[Opening Source data section]

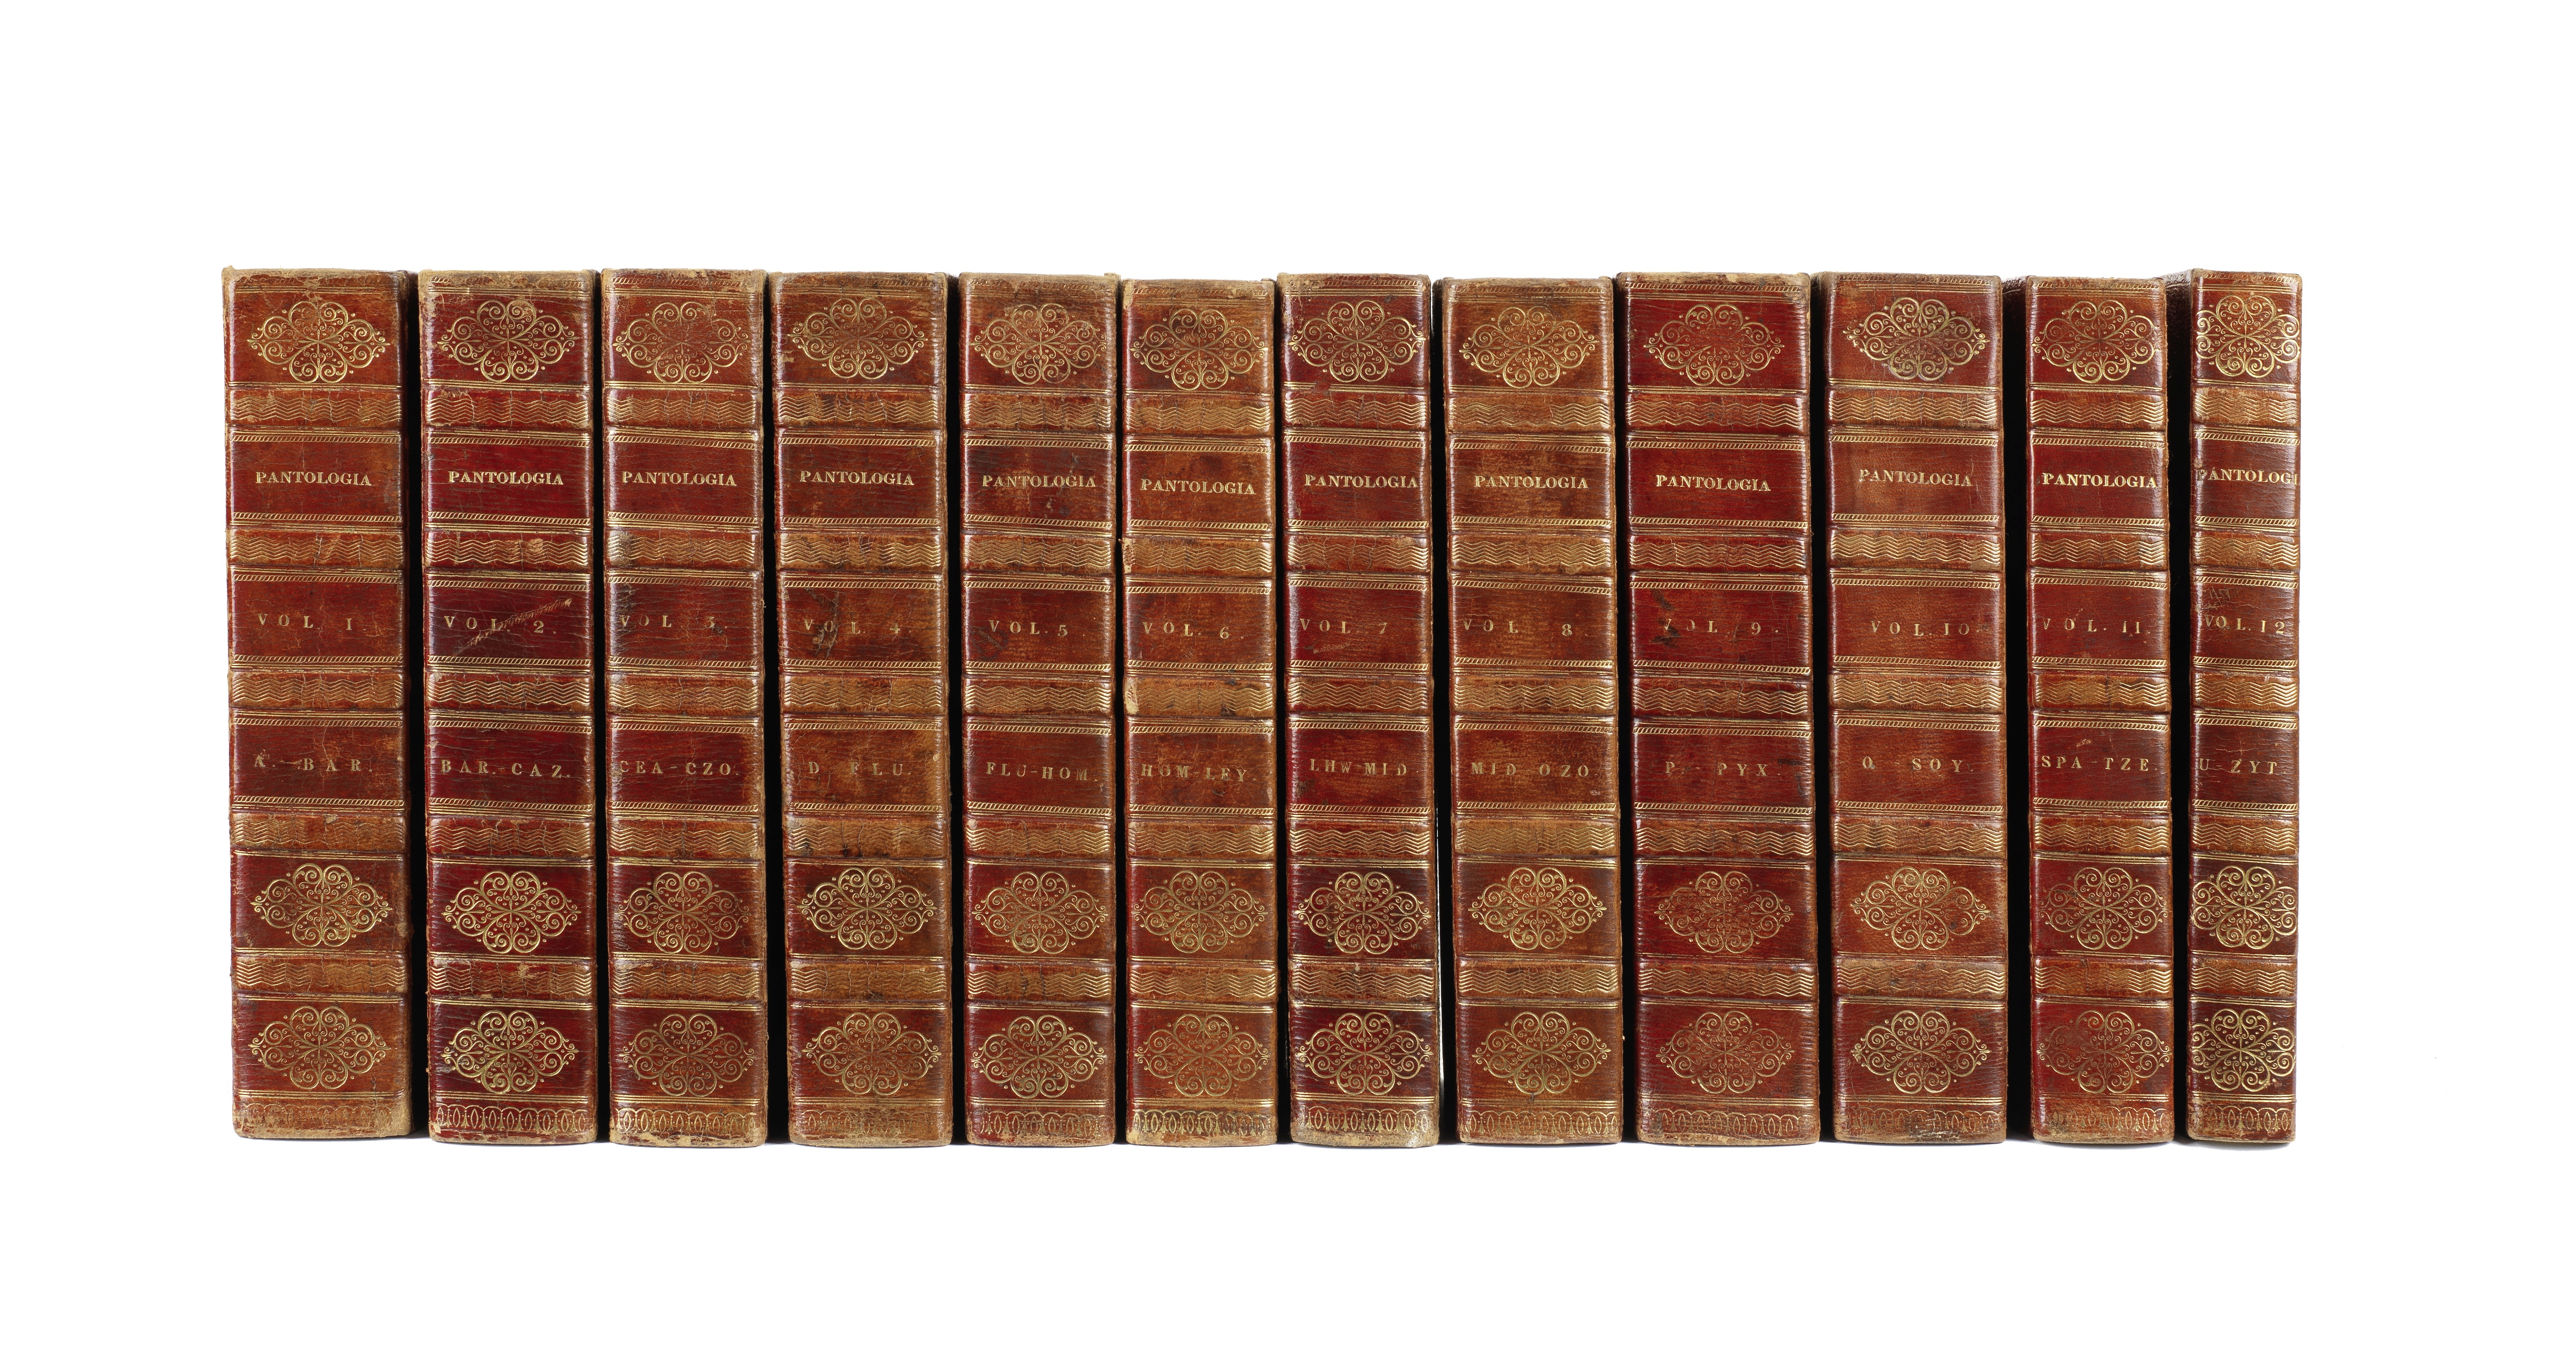 BINDINGS GOOD (JOHN MASON) Pantologia: a New Cyclopaedia, 12 vol., G. Kearsley et al., 1813
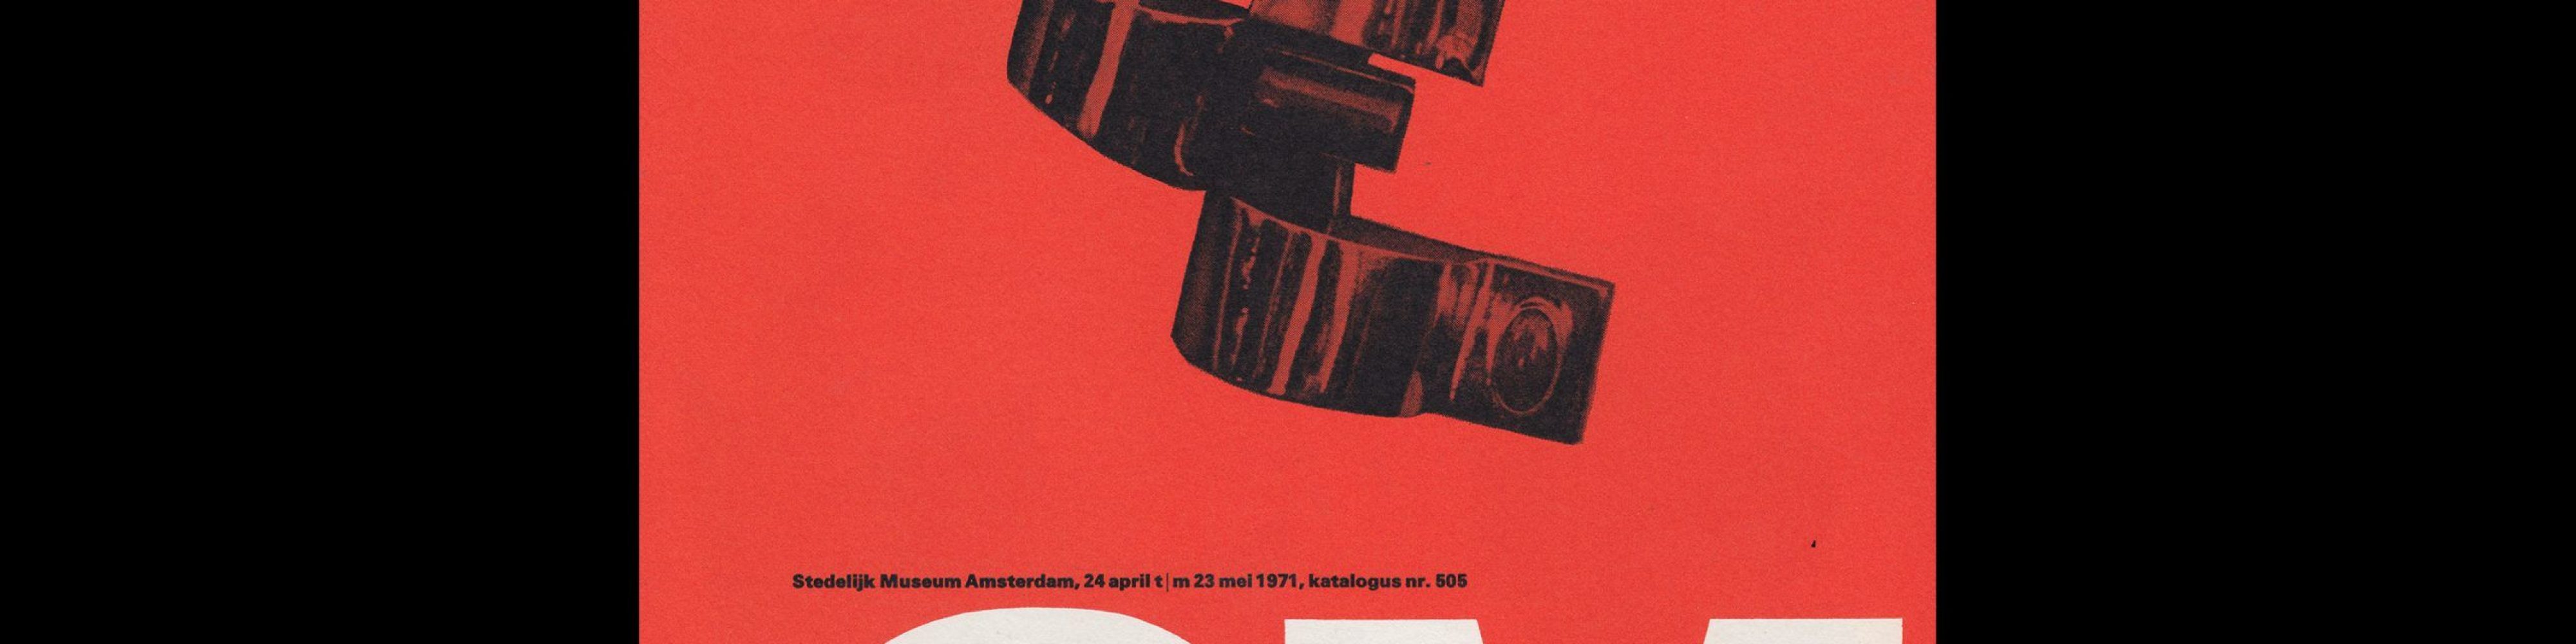 Manette van Hamel-, Stedelijk Museum, Amsterdam, 1971 designed by Wim Crouwel and Magda Tsfaty (Total Design)
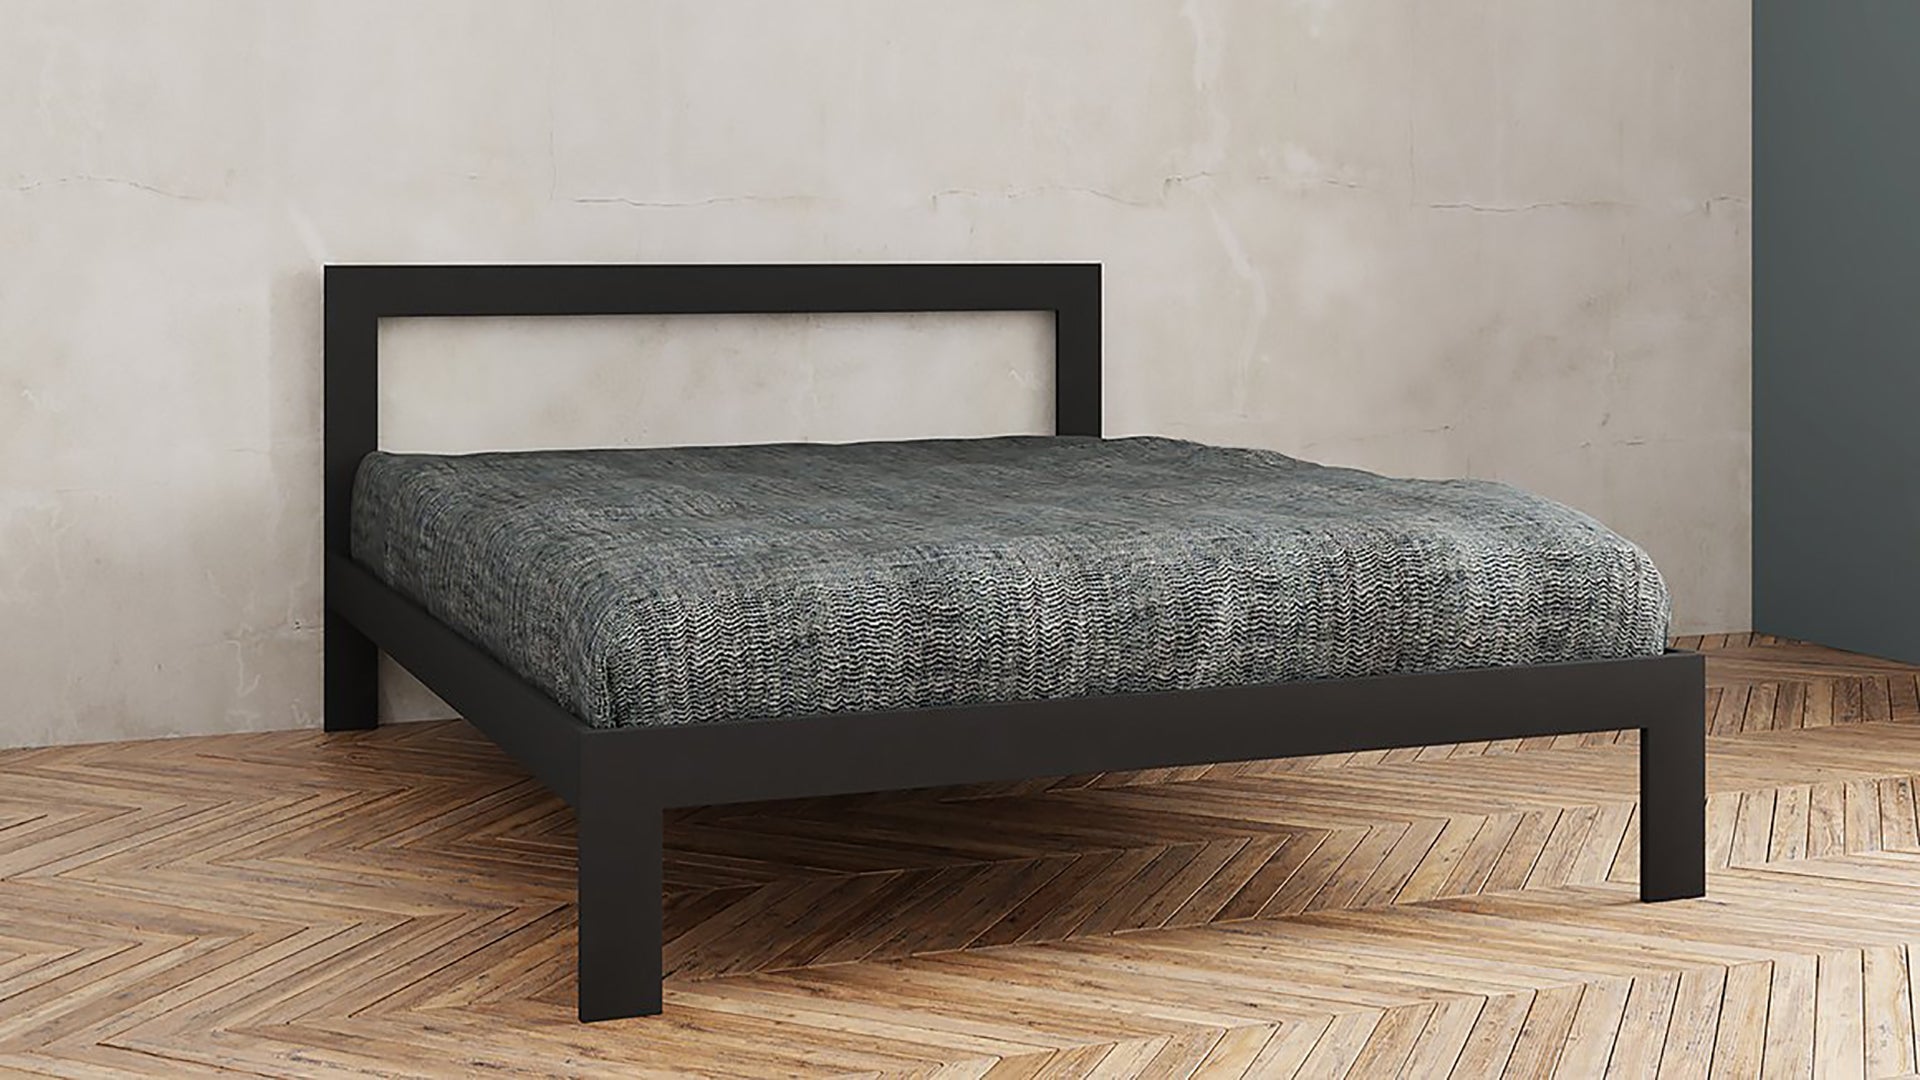  Design bedden |Minimalistisch design bedden | Minimalist design beds | Camas minimalistas| Minimalistische Betten
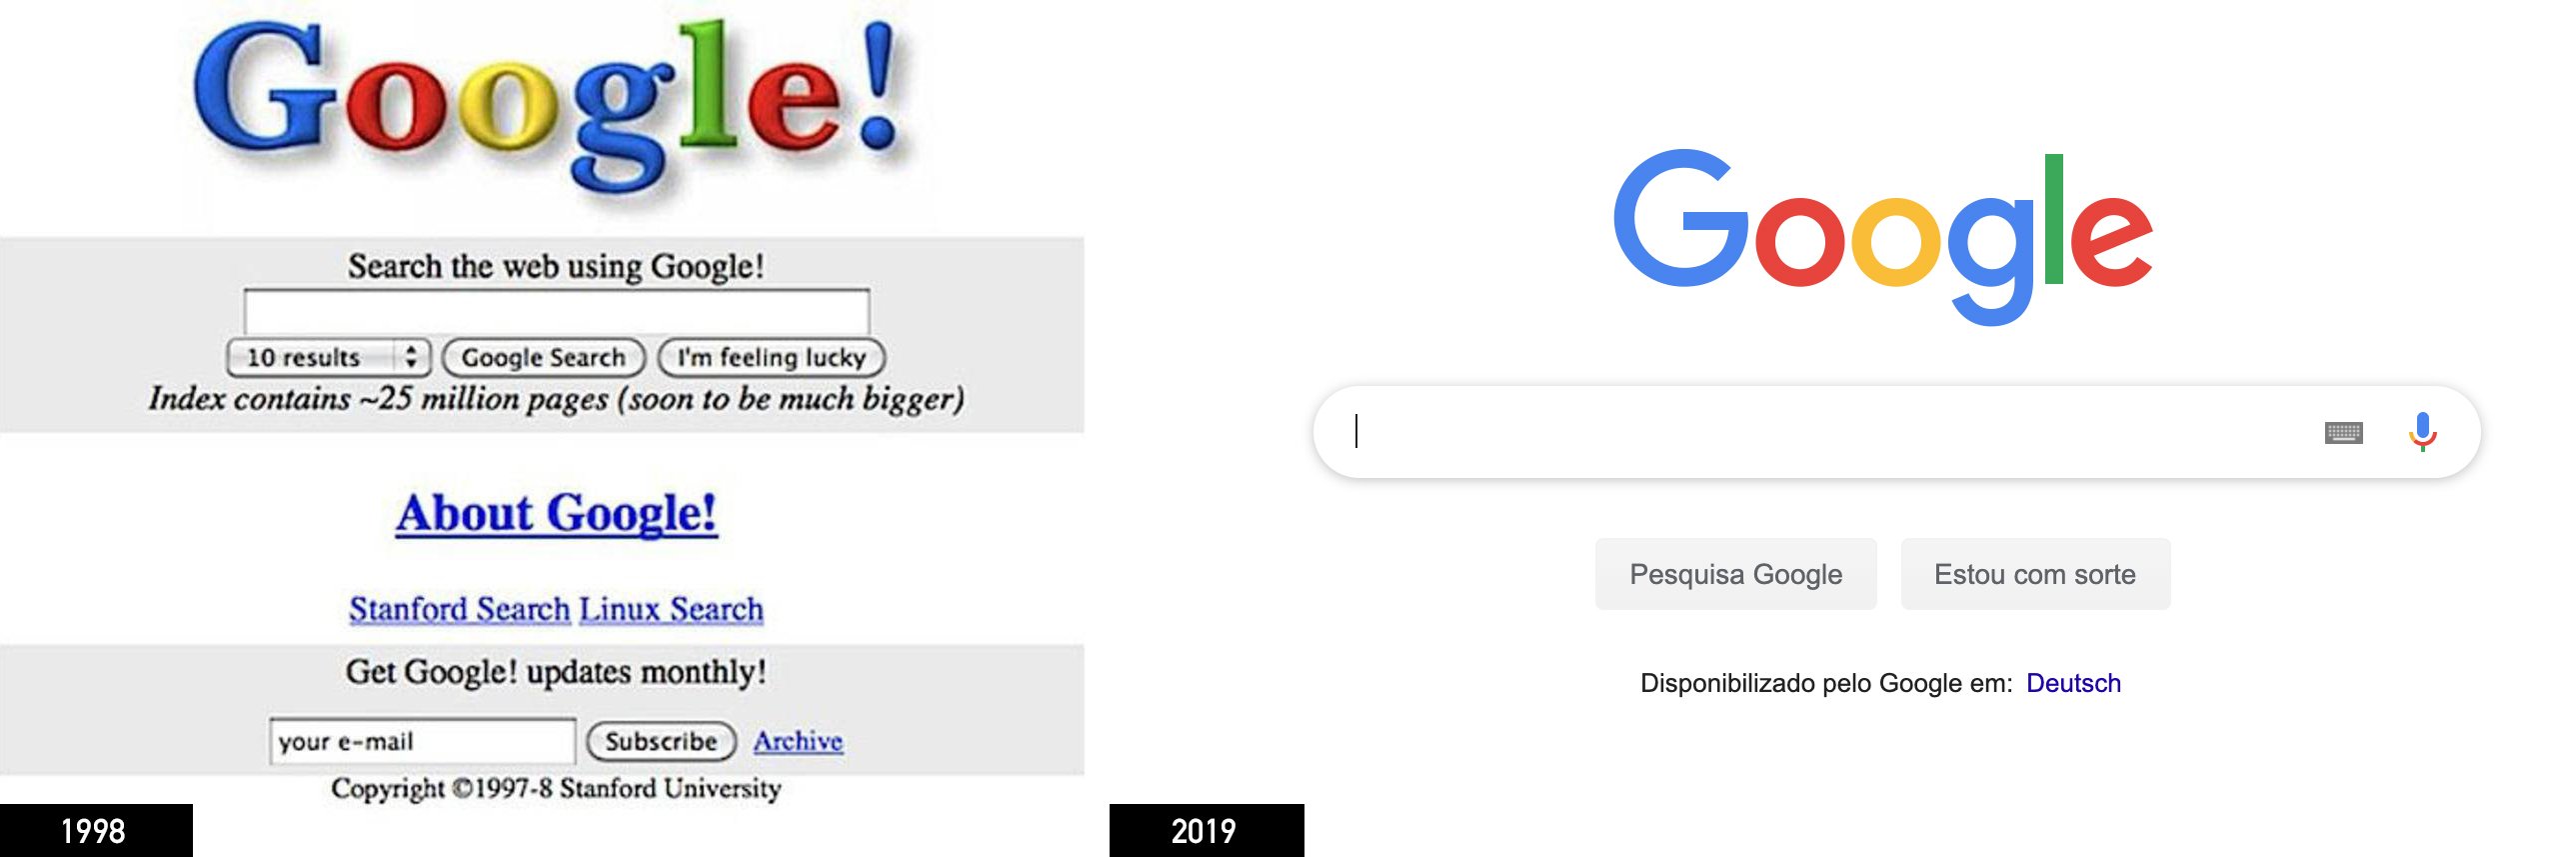 Google 1998 och 2019

[Closing Source data section]

## What the exercise asks
Verbatim output, no pictures: the line holding "Design bedden |Minimalistisch" and all lines after it through the last line of the material, with nothing else.

## Reply to the task
  Design bedden |Minimalistisch design bedden | Minimalist design beds | Camas minimalistas| Minimalistische Betten
 Google 1998 och 2019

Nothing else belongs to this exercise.